In the meanwhile, Congress continues insider trading with greed and no regrets while the White House readily accepts campaign contributions from bed mates on Wall Street and the “green” (alternative spelling: “Al Gore and the solar slime”) industry.

Well, stock, fund and bond friends, let your yawn be over – because the contagion is knocking at your door. I have written often in recent weeks that the breakdown in the safety of customer funds in one federally regulated category (futures) was the leak in the dike — and would eventually spread to stocks, mutual funds, banks, pension funds, annuity products, etc.

Following are two wake-up calls. The first is a series of email I have received from an contact with a reputable Wall Street dealing desk whose identify I will protect. This individual completely understands the stakes involved in this high game shoot out of “rob the poor to pay the rich.”

The second is an article yesterday from Thomson Reuters that spells out how the contagion van is parking outside your door right now.

Emails from a Wall Street contact

I’m currently a credit derivatives trader in New York, have read your book and thoroughly enjoy your blog. I’ve been following your postings on MF Global and came across an article on rehypothication (the process of reposting collateral on proprietary trades at a broker/dealer).

Rehypothication has been occurring for years in the OTC market and accounted for short falls at many hedge funds when their collateral was locked at LBIE when Lehman went bankrupt. I was unaware that custodial account collateral at an FCM could be rehypothicated, but apparently according to this article it indeed can be.

Anecdotally, the dealer community has been pushing back against CDS becoming exchange traded for years, even after the contract has been standardized, for the very reason that they can use these margins posted to them as more or less free funding.

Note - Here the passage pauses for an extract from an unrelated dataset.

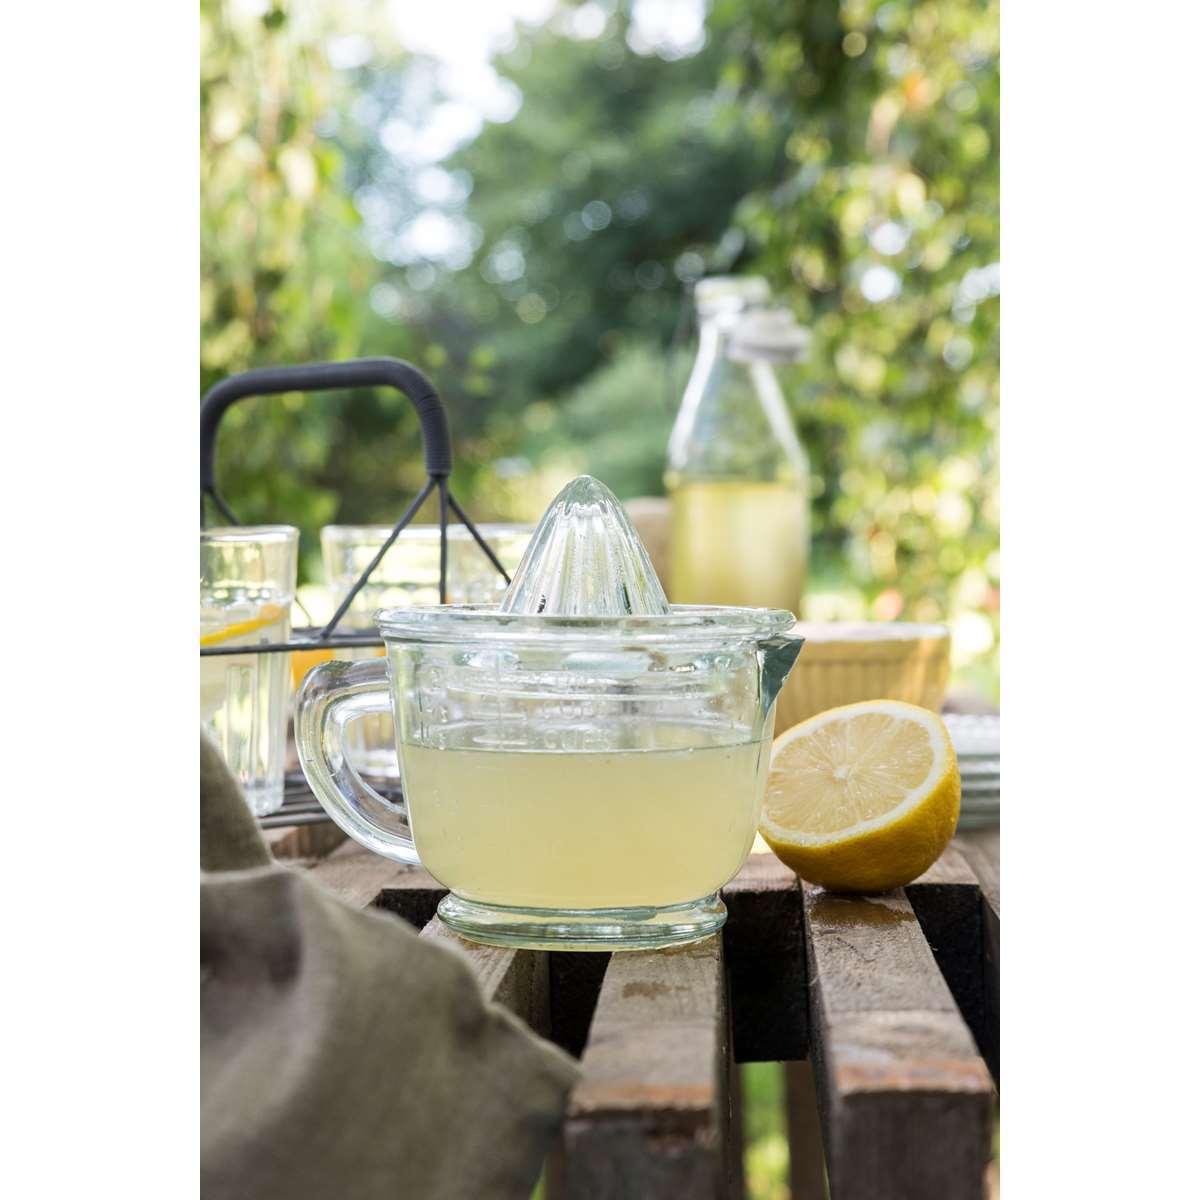 Zitronenpresse, Glas, 16x8x14 cm - Ib Laursen

Rehypothication is the 800lb gorilla [Editor’s note: make that the 2,000 lb gorilla]. In 2007 I was with another fund that was the first 2.5bln casualty of the leveraged ponzi, dealers use your collateral for there own purposes then refuse to offer you liquidity on the collapse of the trade because they won’t face a brokerage counterparty as it was in 2008 or won’t face a yankee bank as is the case now. Counterparty exposure is about to blow the doors off of liquidity, CVA desks already massively flattening curves, only a matter of time before they start forcing desks to not accept certain counterparty names on novation. Good times.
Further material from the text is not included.